Она вздохнула и, закрыв глаза, откинула голову на отвал дивана. Я подумал, глядя на ее бескровные, сиреневые губы, что она, верно, голодна, подал ей чашку чаю и тарелку с булкой, сел на диван тронул ее за руку:
– Кушайте, пожалуйста.
Она открыла глаза и молча стала пить и есть. Я пристально смотрел на ее загорелые руки и строго опущенные темные ресницы, думая, что дело все больше принимает нелепый оборот, и спросил:
– Вы здешняя?
Она помотала головой, запивая булку:
– Нет, дальняя…
И опять замолчала. Потом стряхнула с колен крошки и вдруг встала, не глядя на меня:
– Я пойду раздеваться.
Это было неожиданнее всего, я хотел что-то сказать, но она повелительно перебила меня:
– Затворите дверь на ключ и опустите шторы на окнах. – И пошла за перегородку.
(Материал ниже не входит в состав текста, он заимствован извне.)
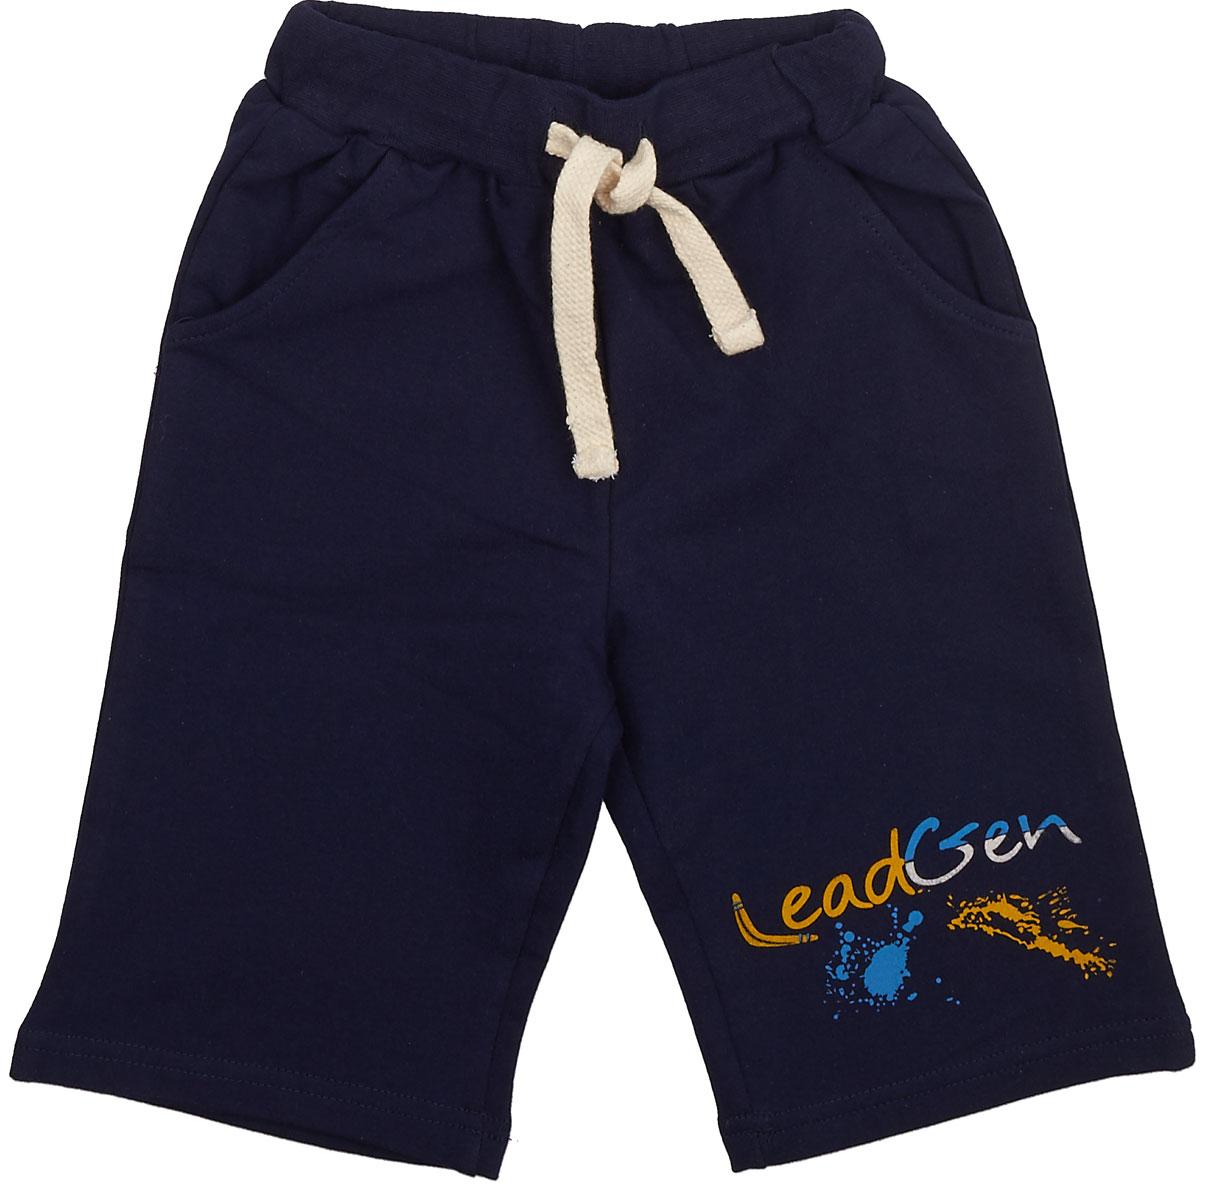 Шорты для мальчика LeadGen, цвет: темно-синий. B612046503-171. Размер 140B612046503-171Шорты для мальчика LeadGen выполнены из хлопкового трикотажа. Модель стандартной посадки с карманами на талии дополнена эластичной резинки со шнурком.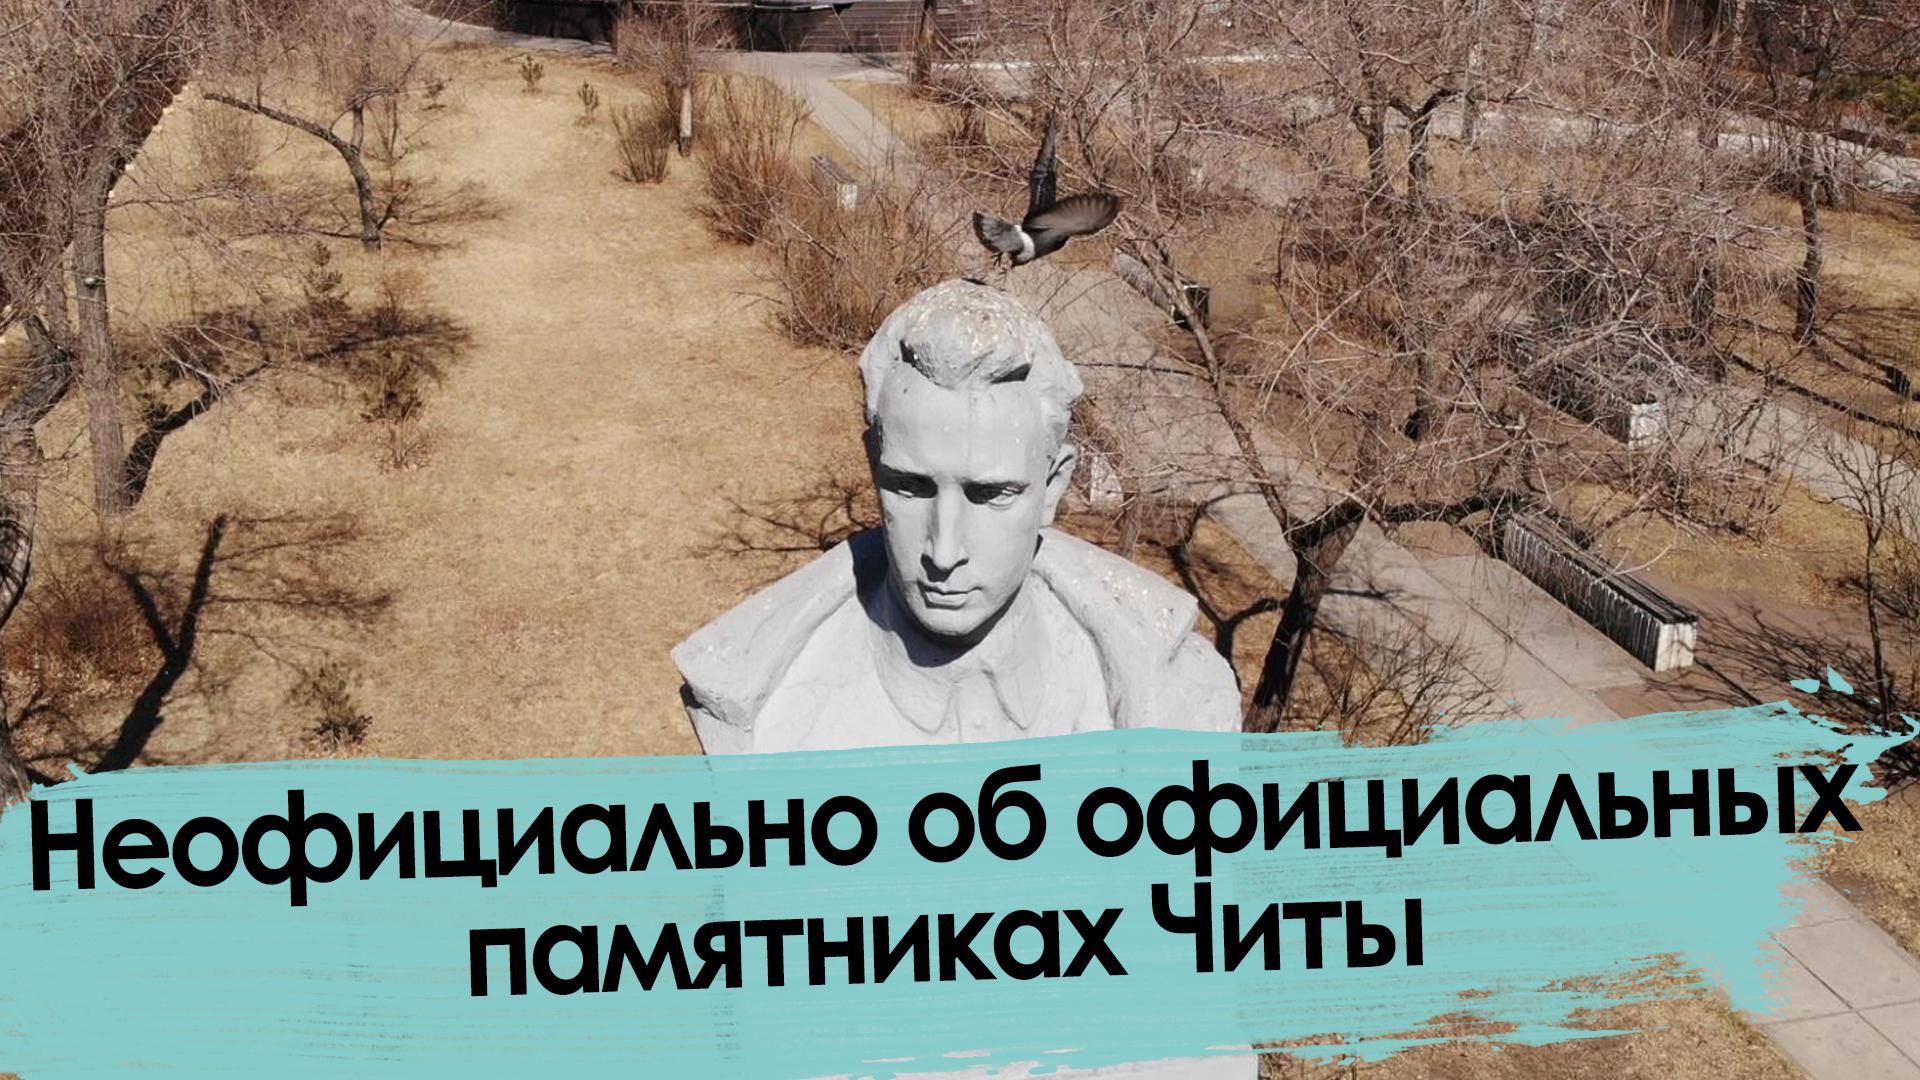 Цупсман, Ленин и Ванштейн: Неофициально об официальных памятниках Читы

Я с бессознательной покорностью и поспешностью опустил шторы, за которыми продолжали все шире сверкать молнии, будто стараясь поглубже заглянуть в комнату, и все настойчивее катились сотрясающиеся гулы, повернул в прихожей дверной ключ, не понимая, зачем я все это делаю, и уже хотел было войти к ней с притворным смехом, перевести все в шутку или соврать, что у меня страшно разболелась голова, но она громко сказала из-за перегородки:
– Идите…
И я опять бессознательно повиновался, вошел за перегородку и увидел ее уже в постели: она лежала, натянув одеяло до подбородка, дико смотрела на меня совершенно почерневшими глазами и сжимала постукивающие зубы. И в беспамятстве растерянности и страсти я дернул одеяло из ее рук, раскрыв все ее тело в одной коротенькой заношенной сорочке. Она едва успела поймать голой рукой деревянную грушу над изголовьем и потушить свет…
Потом я стоял в темноте возле раскрытого окна, жадно курил, слушал шум отвесного ливня, низвергавшегося в черном мраке на мертвый город вместе с ярким и быстрым трепетом фиолетовых молний и дальними ударами грома, думал, вдыхал дождевую свежесть, смешанную с запахами города, накаленного за день: да, непонятное соединение – это жалкое захолустье и это божественно-грозное, грохочущее и слепящее в ливне величие, – и все больше дивился и ужасался: как же это я все-таки не понял до конца, с кем я имею дело, и почему она решилась продать за три рубля свою девственность! Да, девственность! Она окликнула меня.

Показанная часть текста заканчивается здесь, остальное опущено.